§ **ABOUT THIS TASK**
Without including any pictures, copy each entry below exactly.

§ **Data entries**
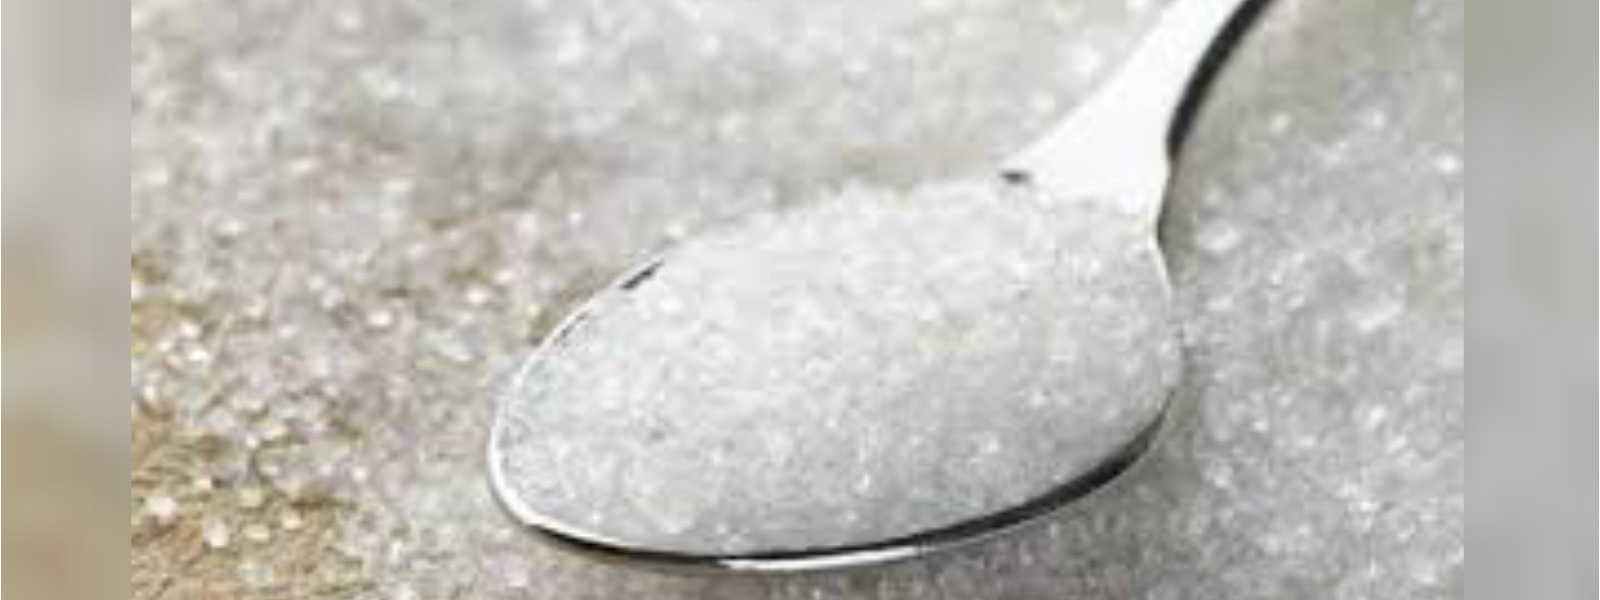 Release US $ to import sugar - Importers
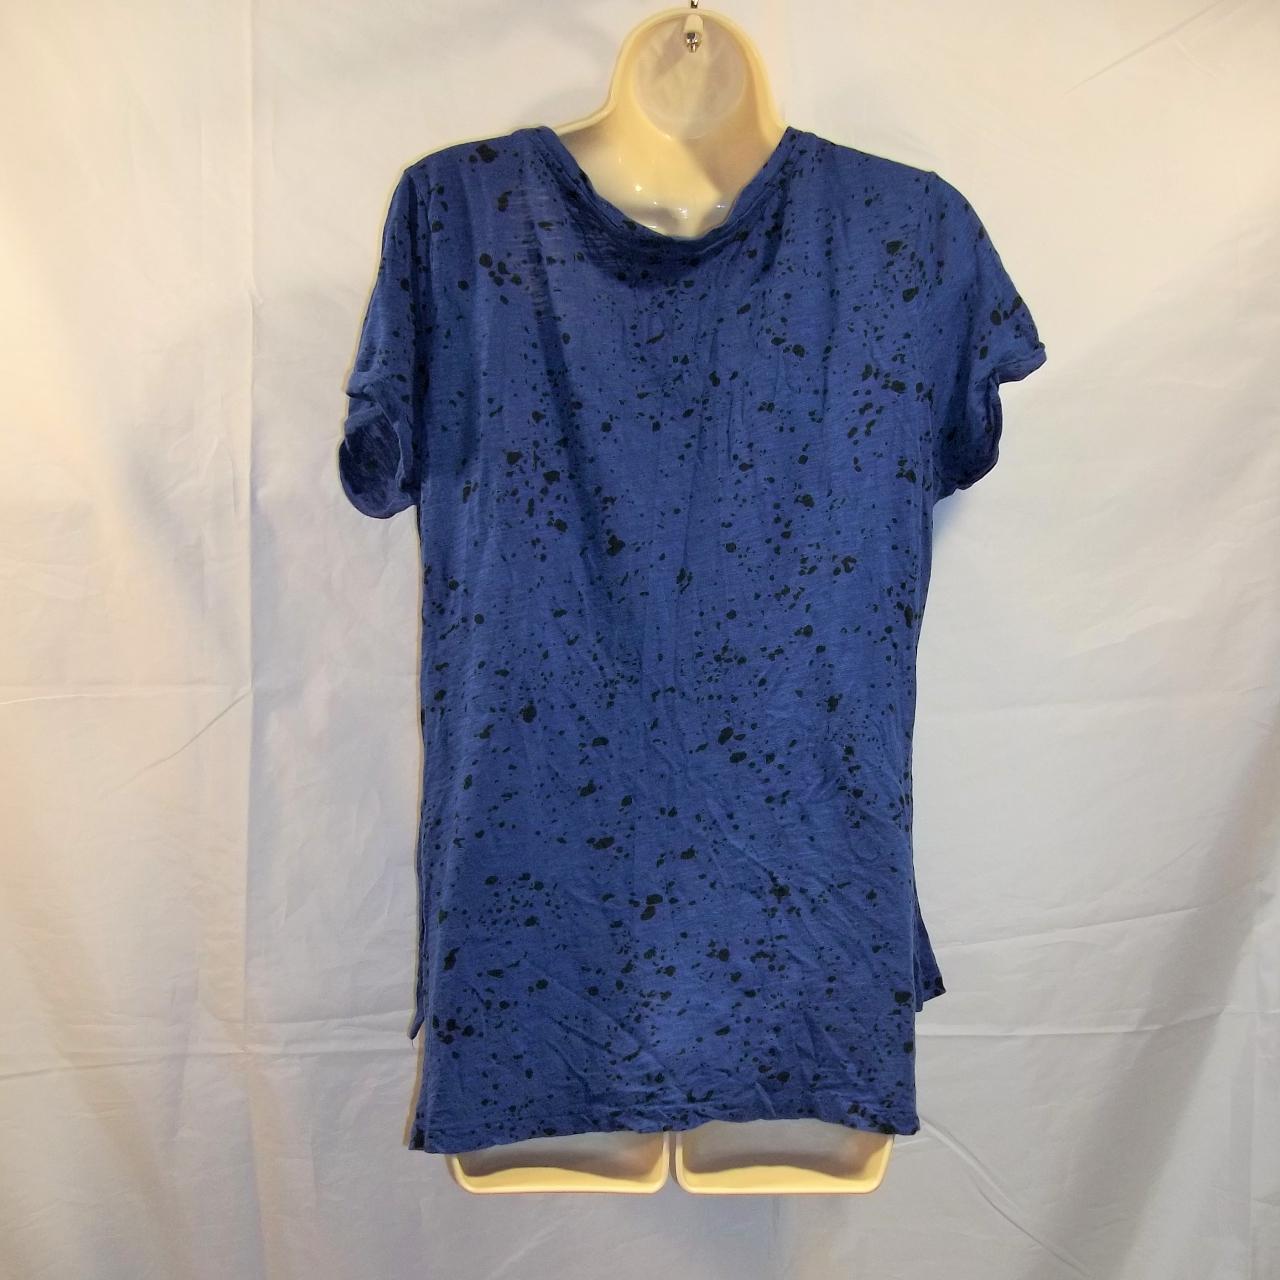 Rock and Republic Women's Blue and Black T-shirt (2)
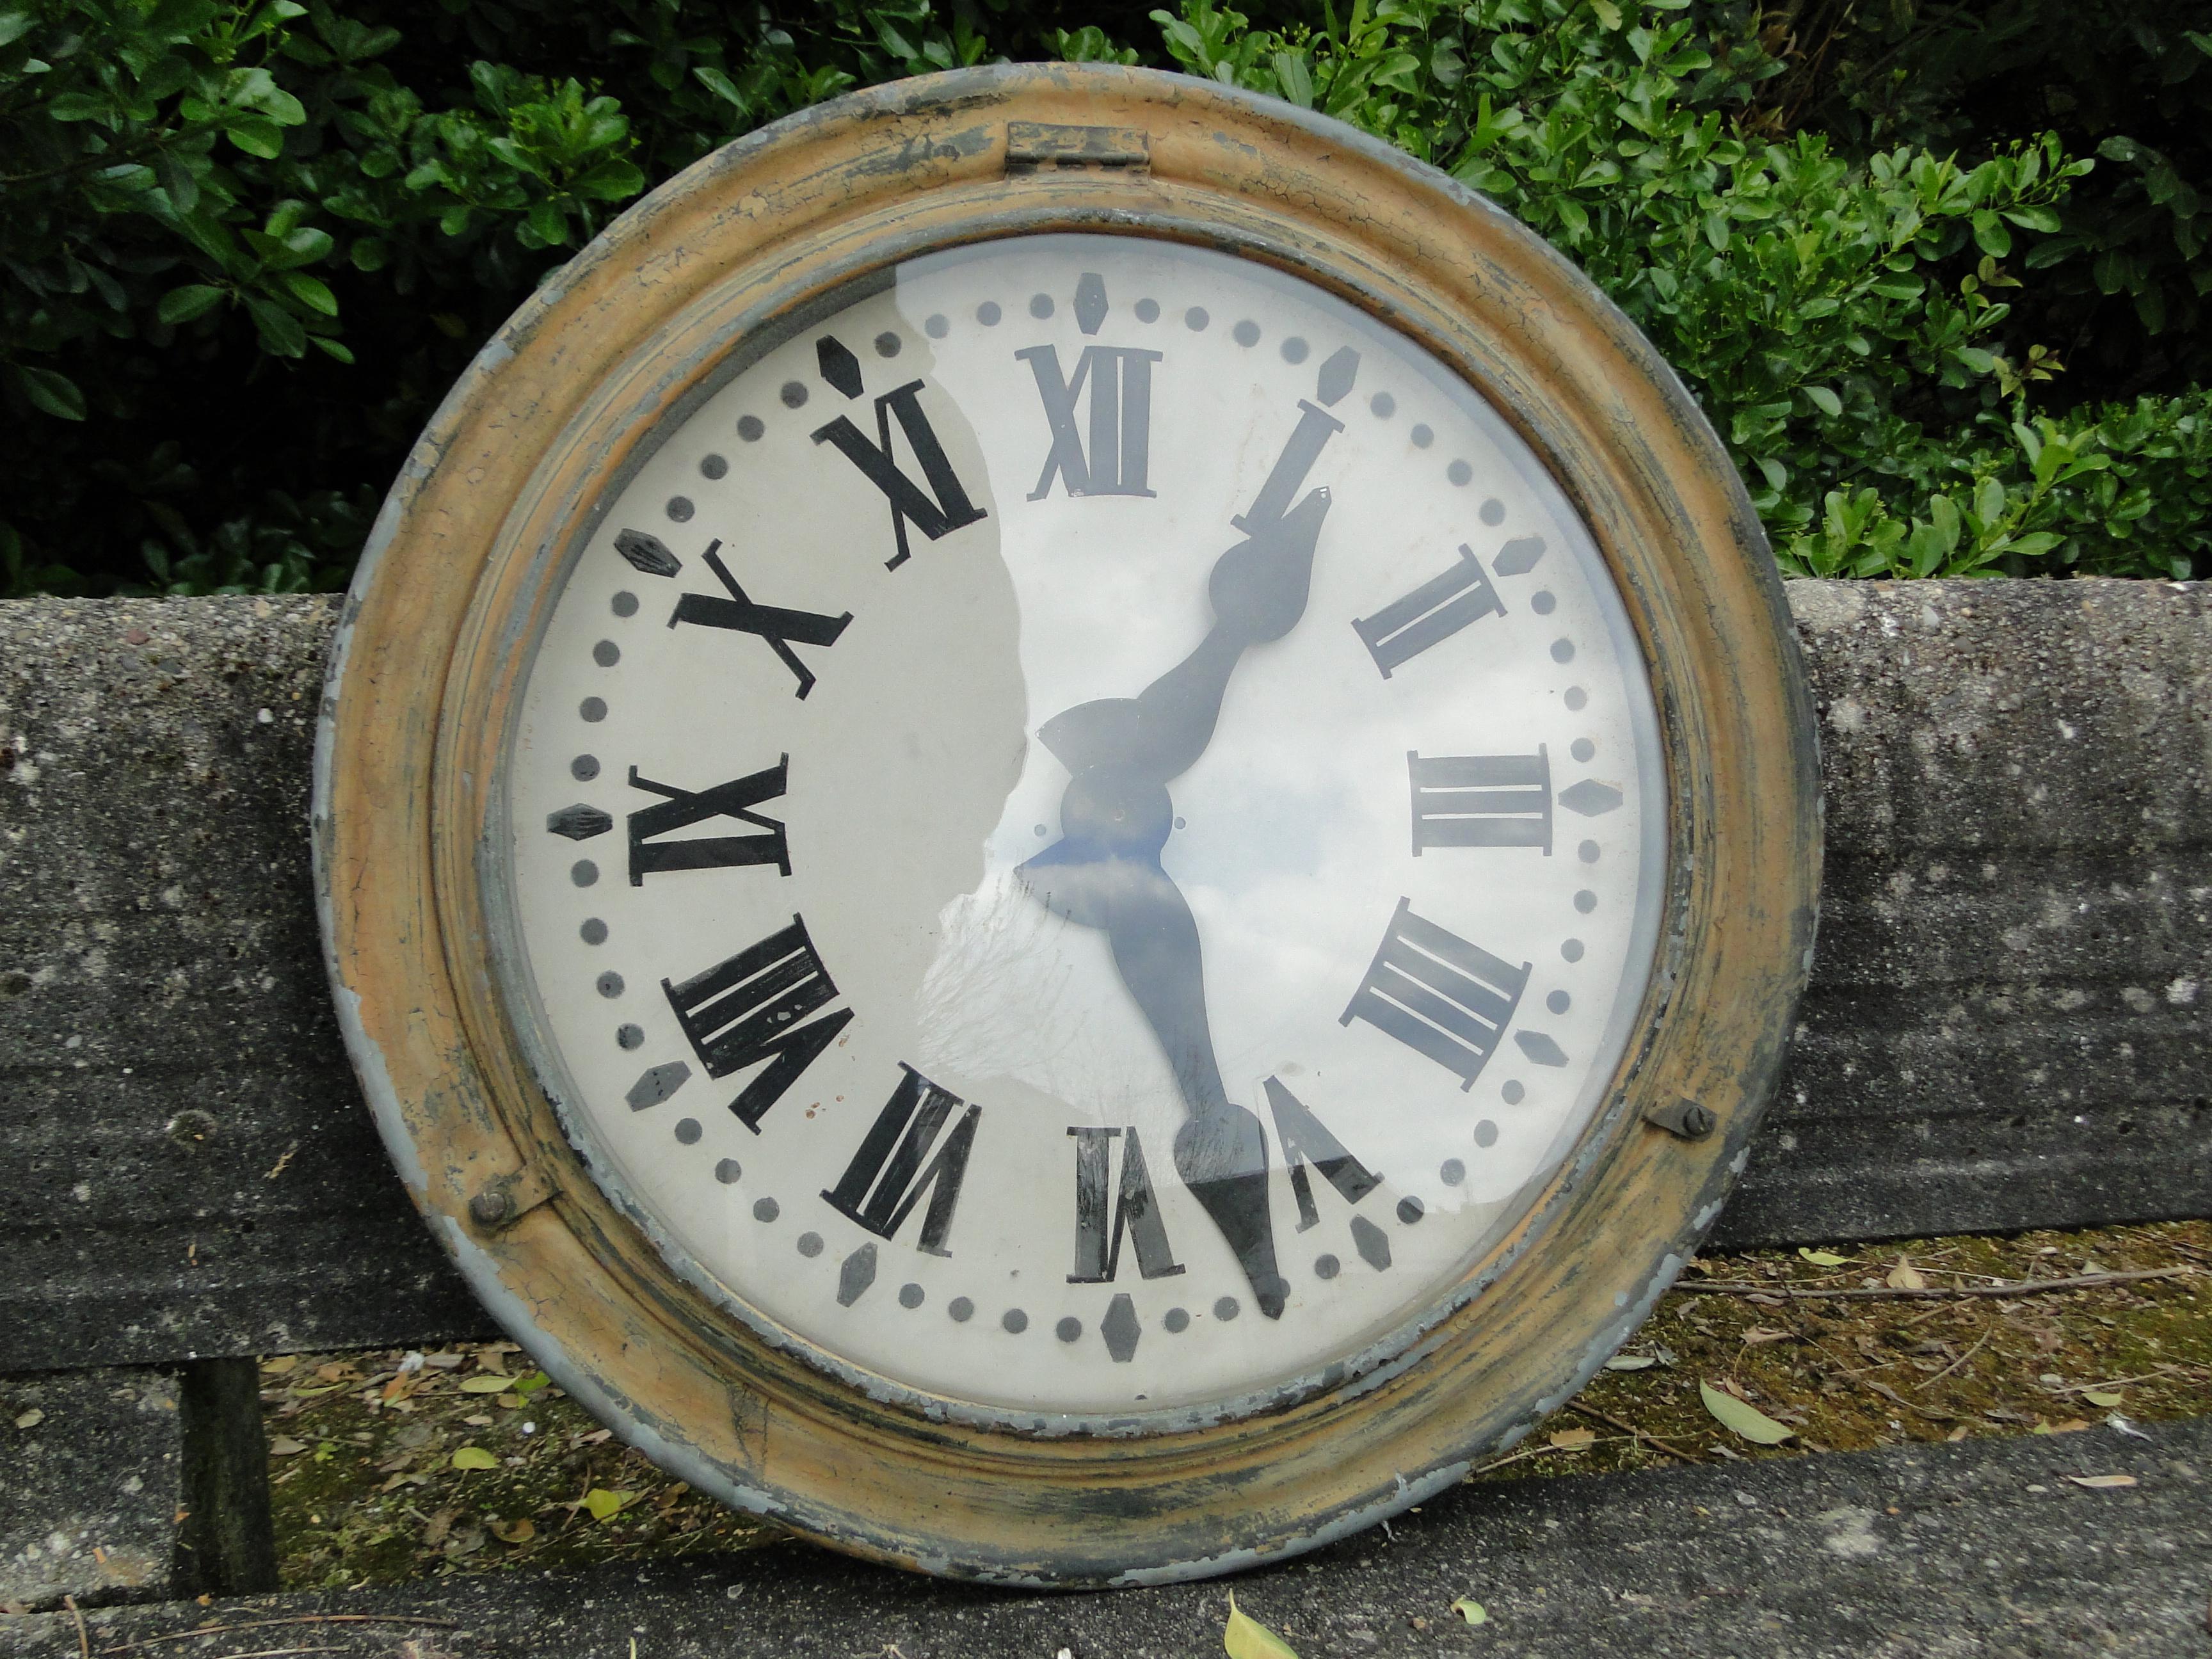 Vintage French station - Railway - Factory Brillie clock

The frame is metal with glass - The faces are painted

Measures: Diameter 26,37 inch

Original vintage conditon

Quartz movement to review
original needles

It was in 1898 that
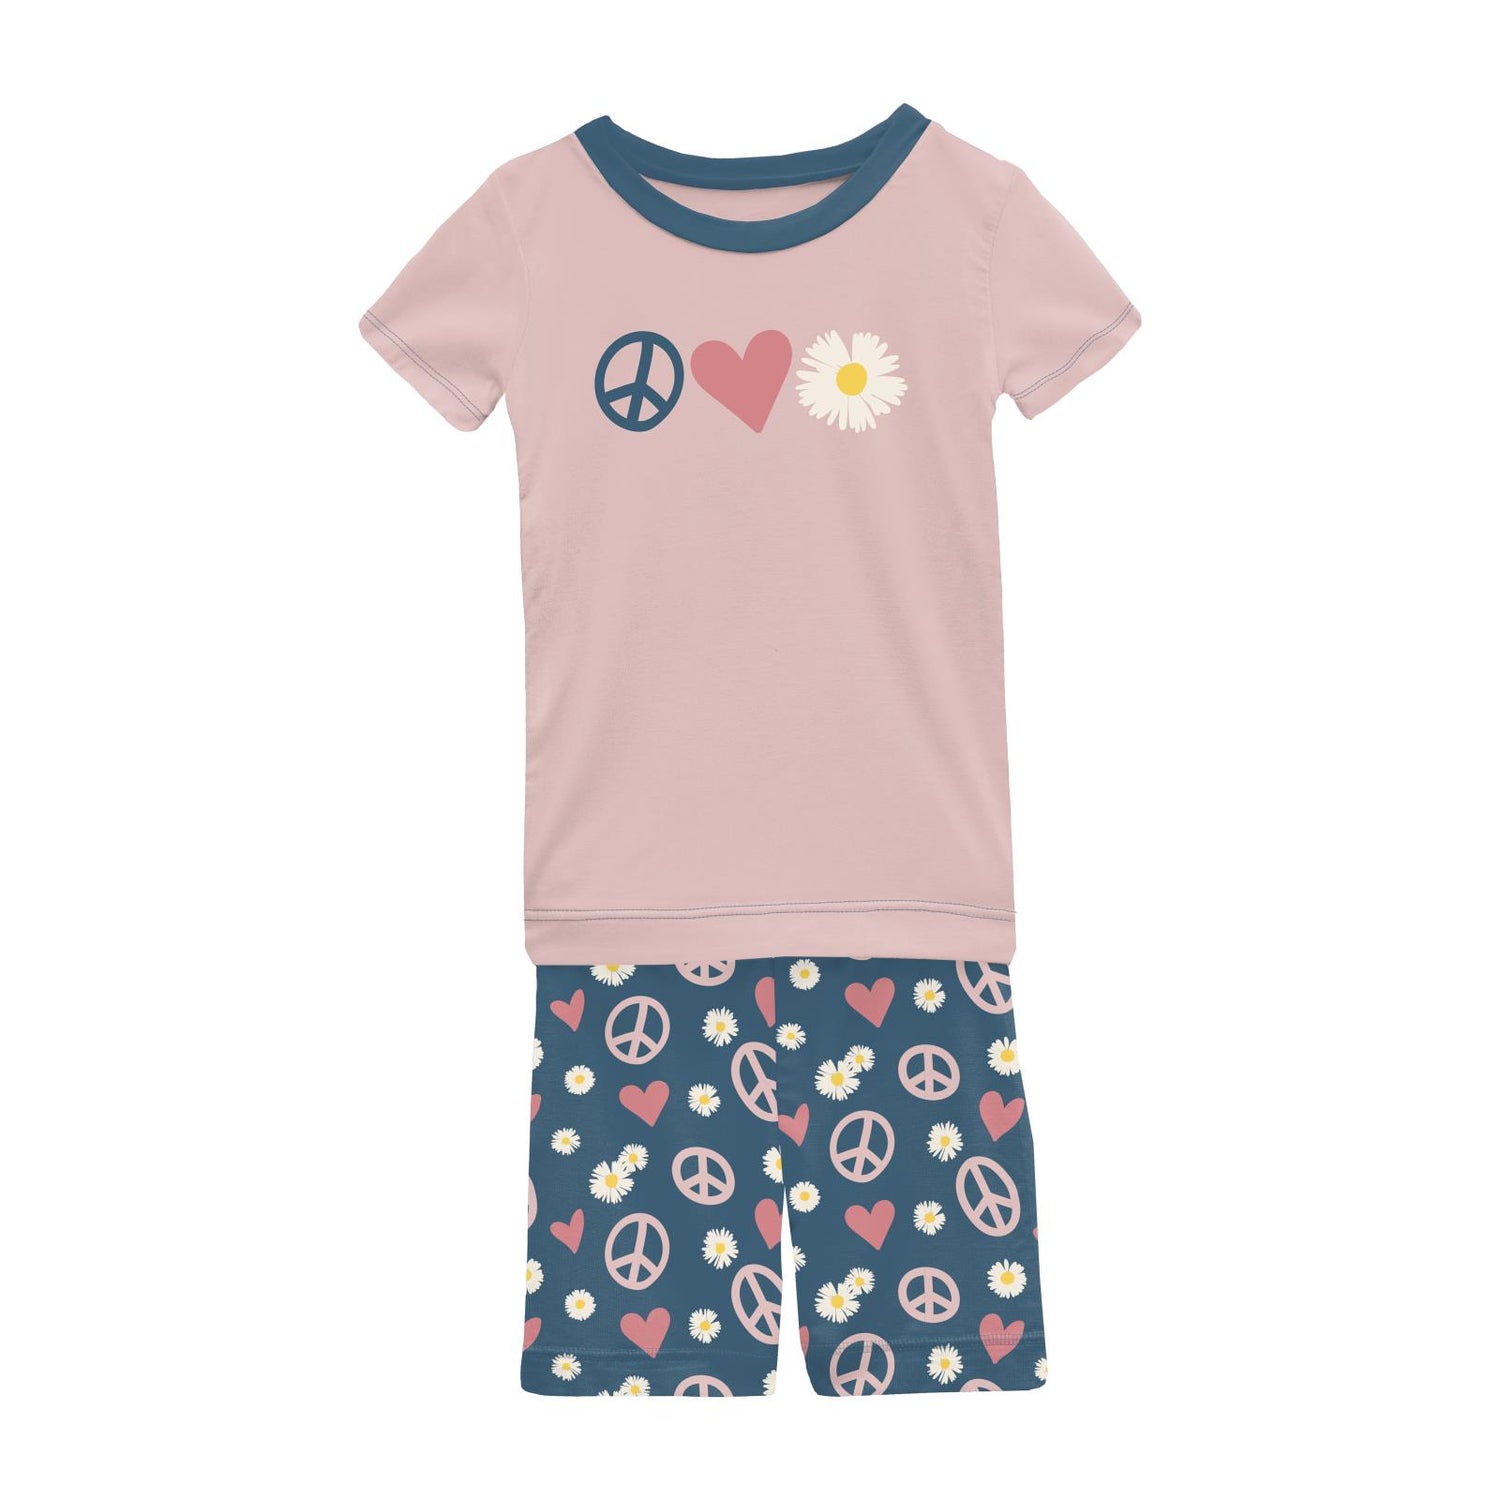 Short Sleeve Graphic Tee Pajama Set with Shorts in Peace, Love and Happiness

§ **TASK SOLUTION**
 Release US $ to import sugar - Importers
 Rock and Republic Women's Blue and Black T-shirt (2)
 Vintage French station - Railway - Factory Brillie clock

The frame is metal with glass - The faces are painted

Measures: Diameter 26,37 inch

Original vintage conditon

Quartz movement to review
original needles

It was in 1898 that
 Short Sleeve Graphic Tee Pajama Set with Shorts in Peace, Love and Happiness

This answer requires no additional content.